Today I’m linking up with Freda’s Voice and Rose City Reader to bring you The Friday 56 and Book Beginnings. This week’s read is Scythe by Neal Shusterman.
Beginning
We must, by law, keep a record of the innocents we kill.
The Friday 56 – from 56% of the way into my ebook
As much as Rowan tried to deny it, there was logic to Goddard’s approach. After all, what creature in nature despised its own existence and felt shame for its means of survival?
We became unnatural the moment we conquered death, Scythe Faraday would say–but couldn’t that be a reason to seek whatever nature we could find within ourselves?
A Little Bit of Explication (I am an English teacher, after all)
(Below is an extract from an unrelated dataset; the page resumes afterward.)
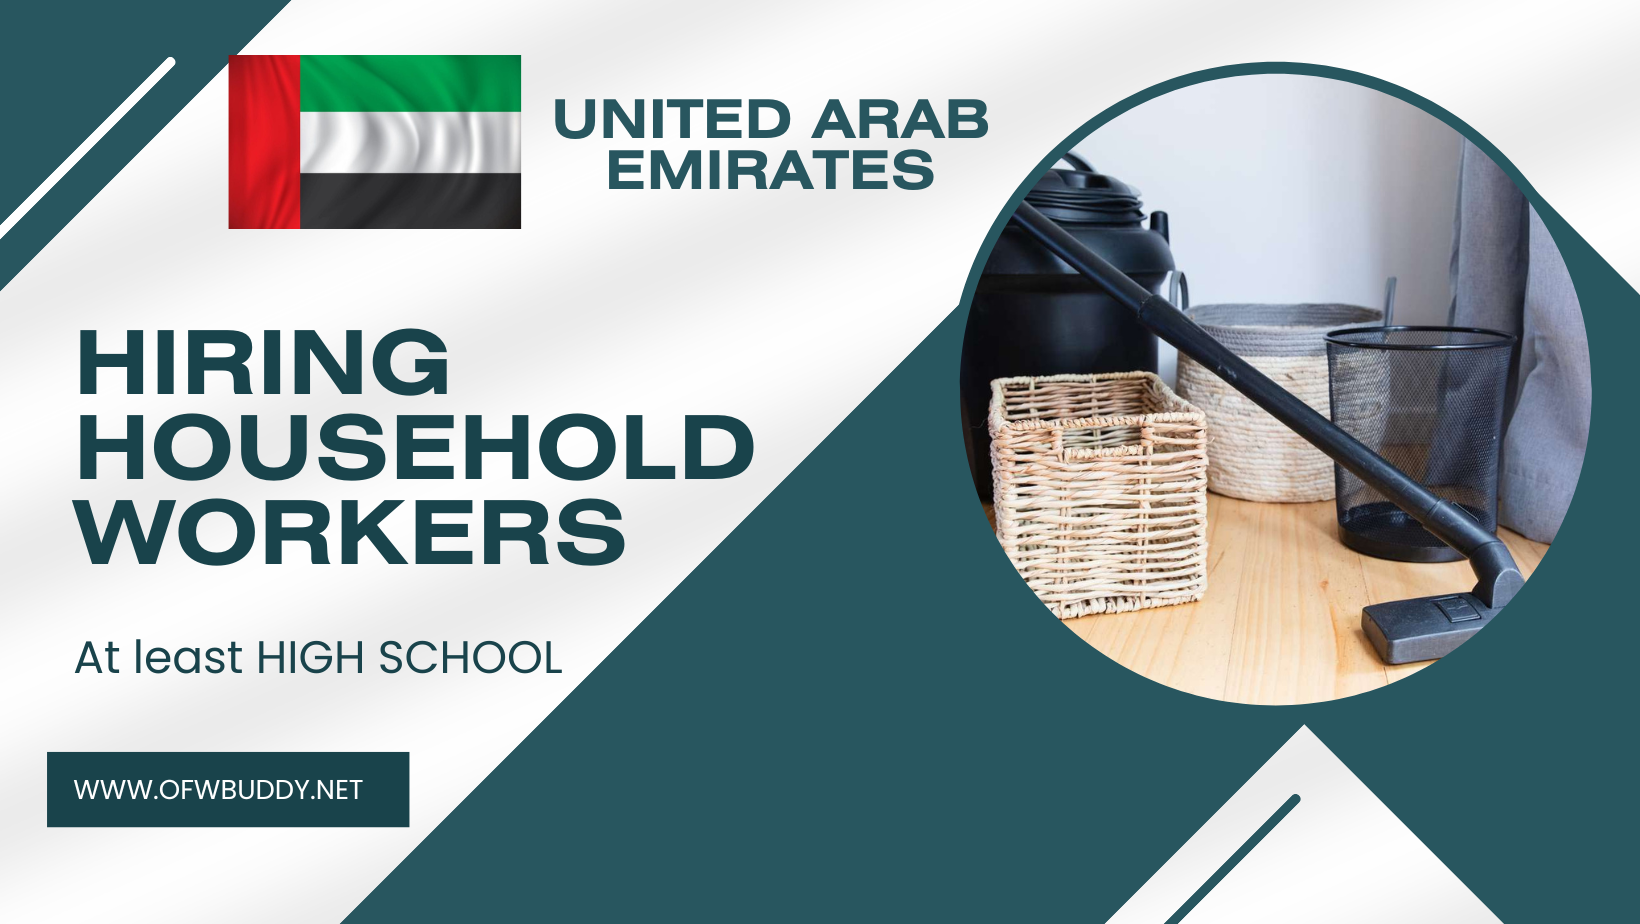 Hiring Household Worker For United Arab Emirates Under Lrc Manpower Services Internationale Inc

On that beginning – WHAT? If I didn’t know the premise of the story, that line would definitely throw me. I mean, why are people killing innocents? Also, since I’m about 10% into the book already, I know this is part of an aside, ancillary to the primary narrative. This is a mechanic Shusterman has used before – at the beginning of Unwind, he sets the Bill of Life up in the same format. Through drawing that connection to another of his works, the asides from other scythes’ journals are not as jarring.
So what I can gather from the opening sentence is that the Scythes, our future world’s grim reapers, are bound to laws and regulations like any other job. I know their purpose is to keep humanity from reaching population density, but this job still seems particularly callous and cold.
At this point, I’m not sure who Goddard is or how his perspective differs from someone else’s (I’m guessing Scythe Faraday), but the question that Rowan poses is interesting and makes me wonder about his state of mind. I also wonder what’s causing Rowan, who is an apprentice to Scythe Faraday, to question his humanity. And what’s the state of humanity in this world?